The only beer that Guinness manufacture is a product called "Black lager" which is only available in N.I, Guinness itself is not a beer but a porter or a stout.


----------



## Sallow (Sep 14, 2011)

LumpyPostage said:


> China.



They are okay. Very refreshing and light.


----------



## Sallow (Sep 14, 2011)

iamwhatiseem said:


> Belgium and Germany have some extraordinary beers...but then so does America...I have had some outstanding beer at breweries.
> 
> However - the lionshare of American beer is bitter swill.
> I just can't believe the most popular beers in America are such utter crap.



Micro-breweries have some pretty good beers. And surprisingly enough some American beers are getting better. I was surprised to learn that "BlueMoon" was made by Coors.


----------



## Iridescence (Sep 14, 2011)

_I had always thought:_

Samuel Adams - America's World Class Beer

_but I *really* like:_

Sierra Nevada Brewing Co.


----------



## pgm (Sep 14, 2011)

The two best are Czech Republic and Belgium. I'm not sure which I prefer, but these are definitely the best.
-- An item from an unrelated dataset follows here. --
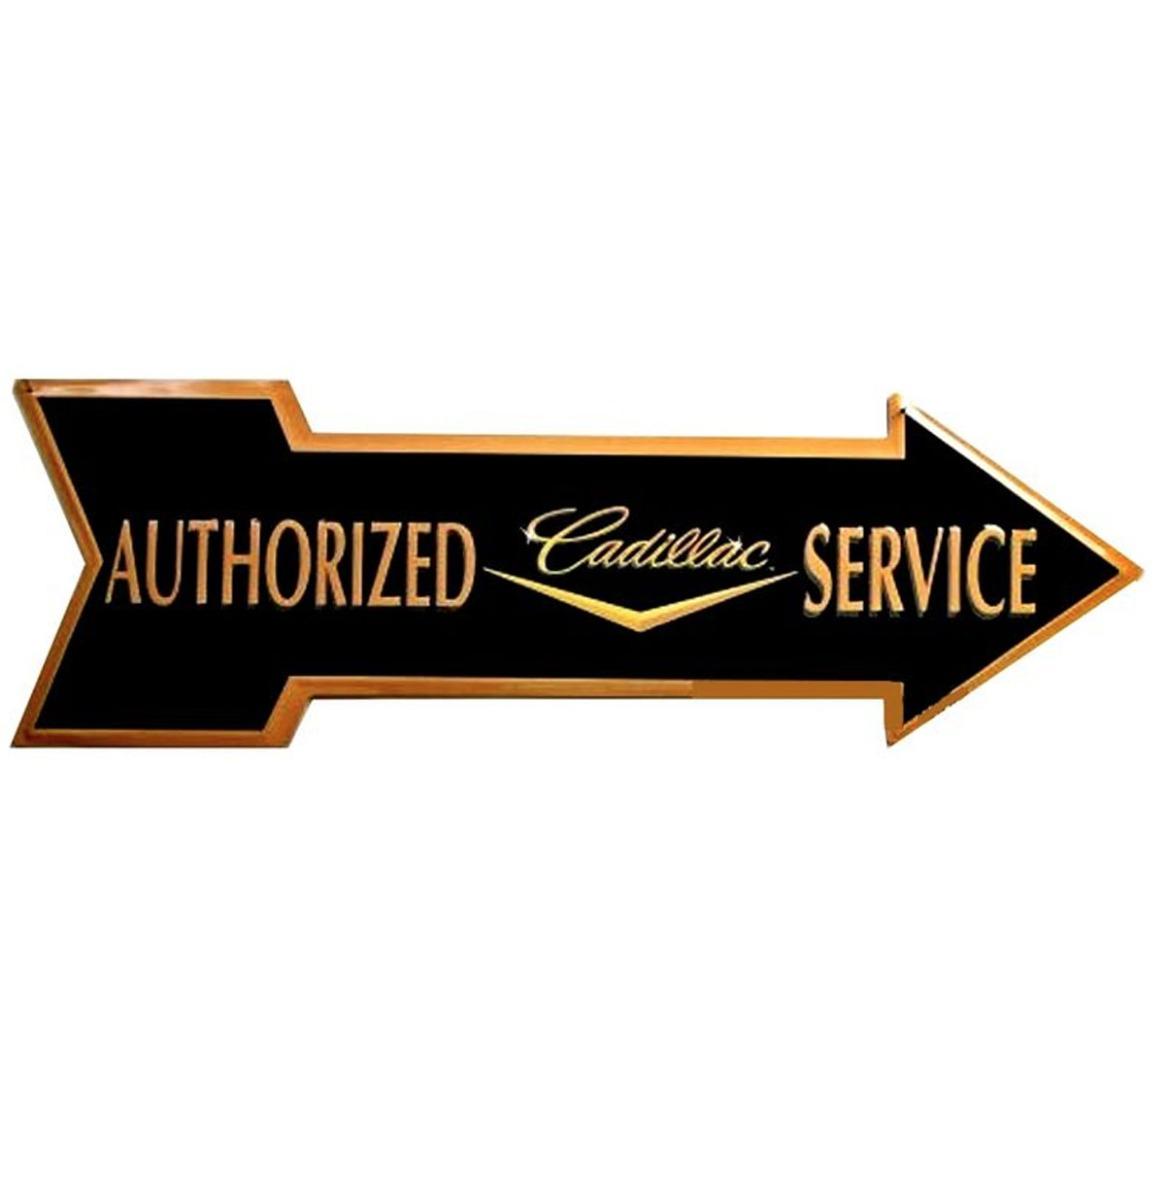 Cadillac Service Arrow Aluminum Sign 69 x 21 cm

America's microbrews are great, but most of the macros are swill (I like Blue Moon and a couple others, but this is a general rule). I can't think of a great Canadian beer.


----------



## Swagger (Sep 14, 2011)

I simply can't favour any country in western Europe, but I will say that beer made in Belgium, Germany, Holland and France is far better than anything you'll find brewed in the UK or Ireland. The Europeans have been doing it for a long, long time and have perfected an almost perfect method. I'd challenge you to find me anyone in the UK that prefers lager brewed here over anything from the continent.

And before anyone here comes back at me with, 'oh, but what about English ale', let me say now that it's all a bit too hyped-up. People only really drink English ale to impress others (usually their girlfriend's parents - been there, done that) by gushing over all the supposedly subtle flavours, blah, blah, blah. It's often nothing special but will always leave you with a slightly metalic after taste. Even the Romans have been documented as declaring our beer/ale was shit.


----------



## bill5 (Sep 14, 2011)

mawlarky said:


> The only beer that Guinness manufacture is a product called "Black lager" which is only available in N.I, Guinness itself is not a beer but a porter or a stout.
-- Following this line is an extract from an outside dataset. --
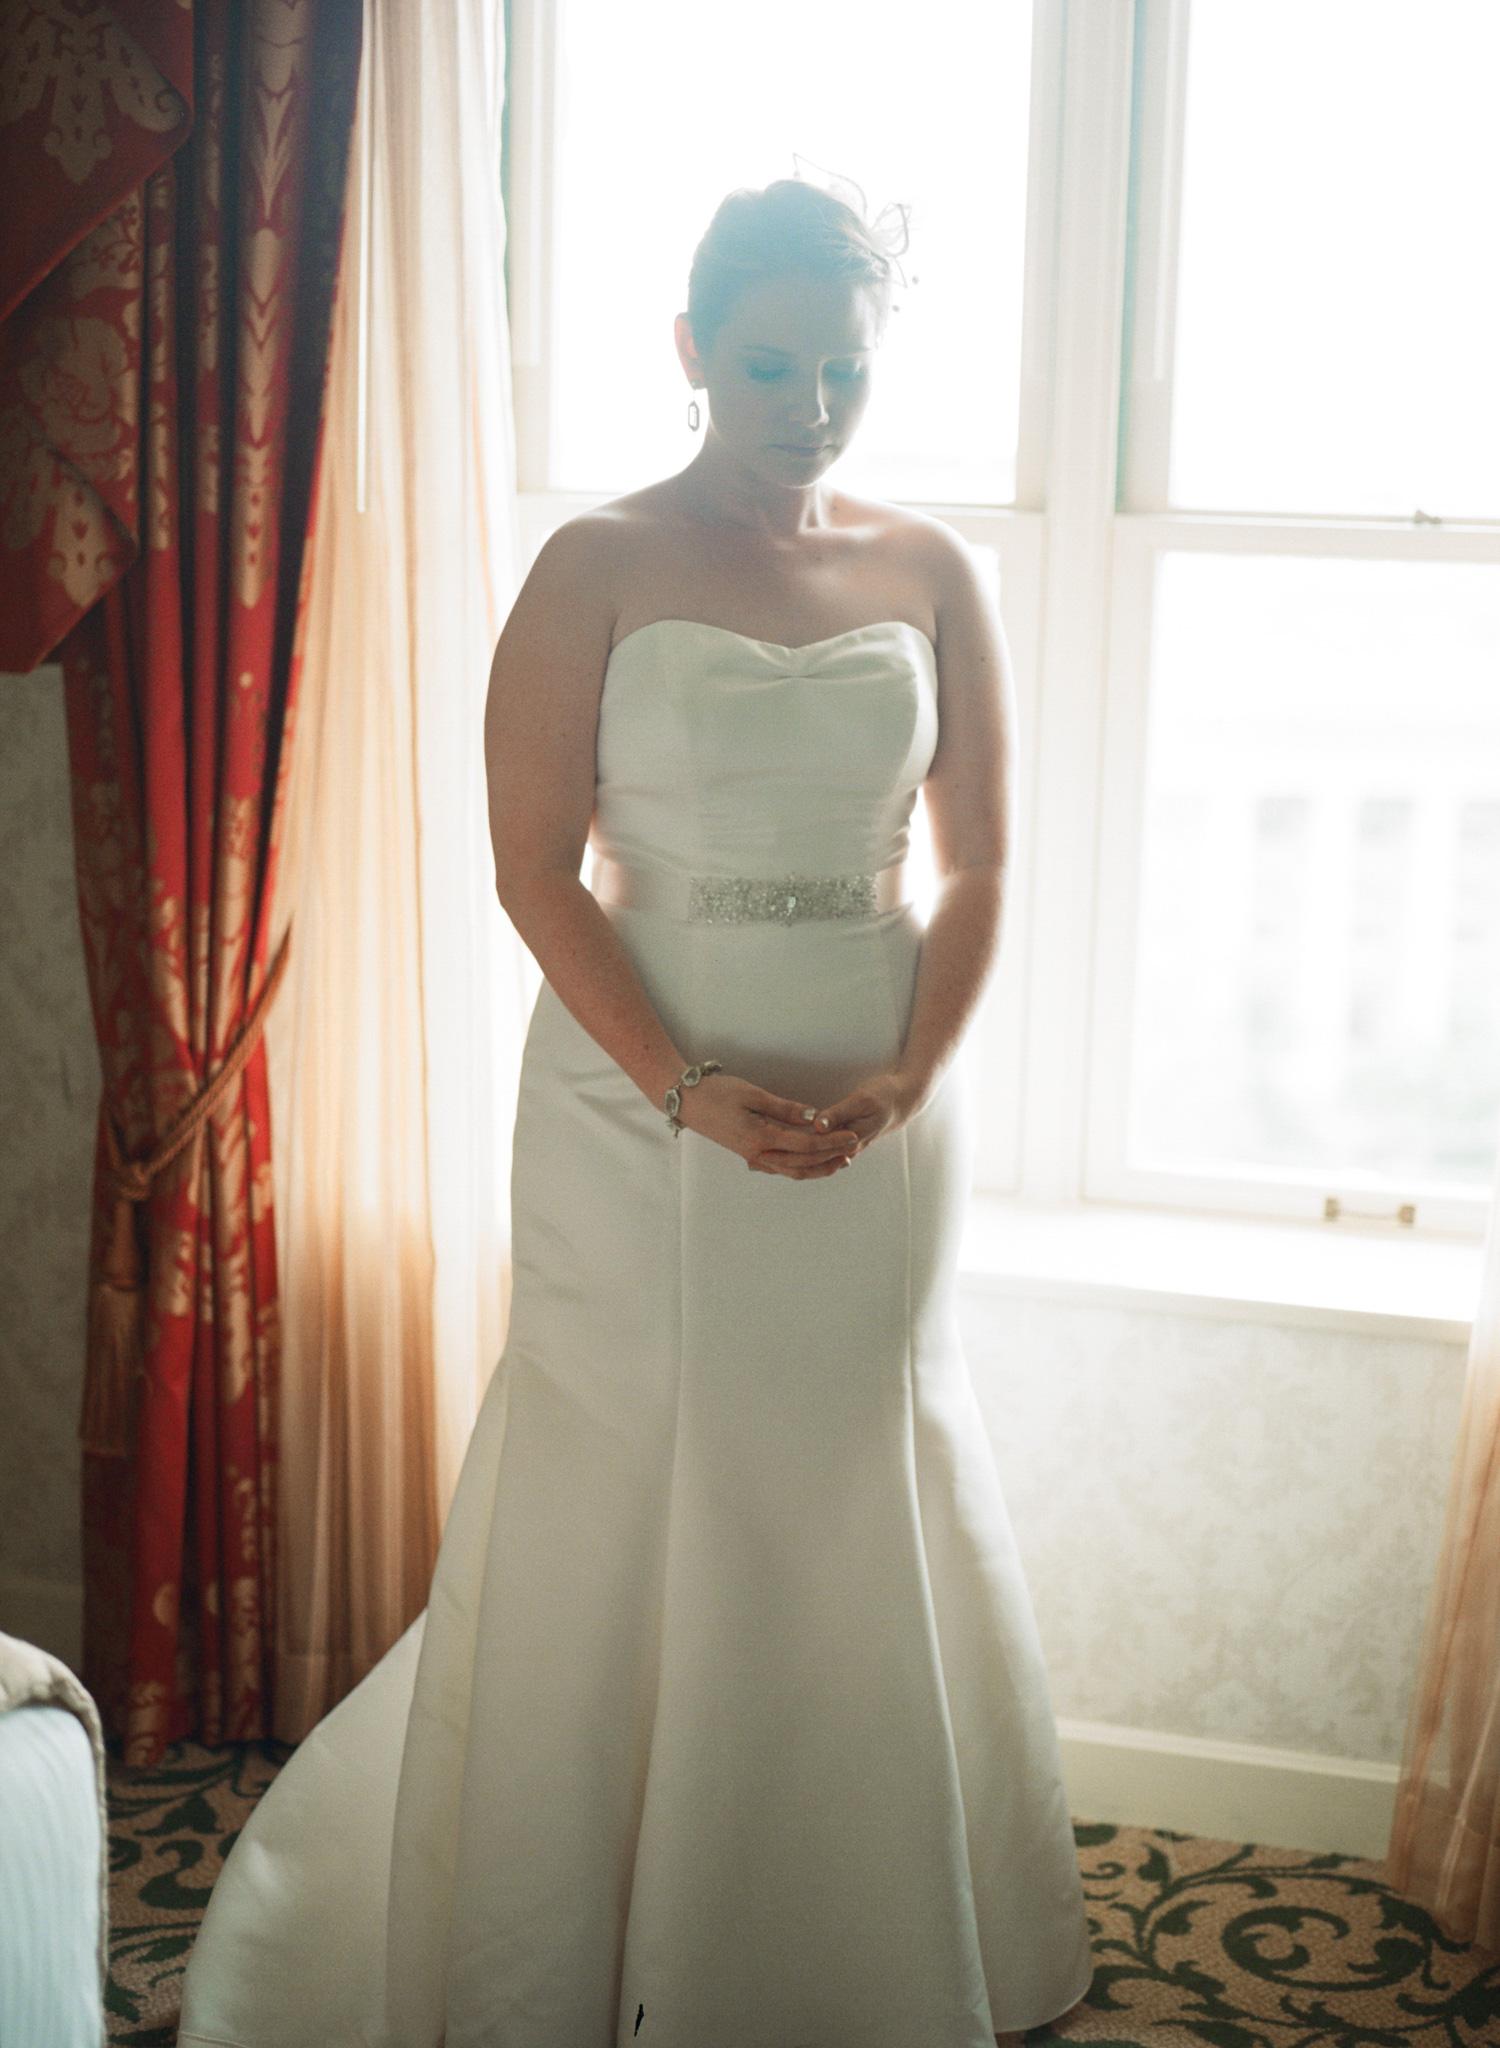 284-bride-getting-ready-at-williard-hotel.jpg

?  Porters and stouts are beers.  Maybe you mean "lager" vs "beer"-?


----------



## Iridescence (Sep 14, 2011)

*pissed* My laptop's mouse pad is so sensitive it jumps me from screen to screen! 

I haven't been exposed to many variations of beer. I favor Samuel Adams and Sierra Nevada because certain SAs and SNs have similar tastes... Kinda like a grapefruity base. I don't have a clue about the brewings of beer or of moonshine, regardless of being from WV. I do know the moonshine bought in stores are not comparable to what had been available years ago and if *I* can drink a fifth alone without chasers then they may need a bit more kick. 

Good beer is VERY important to a country's entire population, even to those who stand staunchly against such.


----------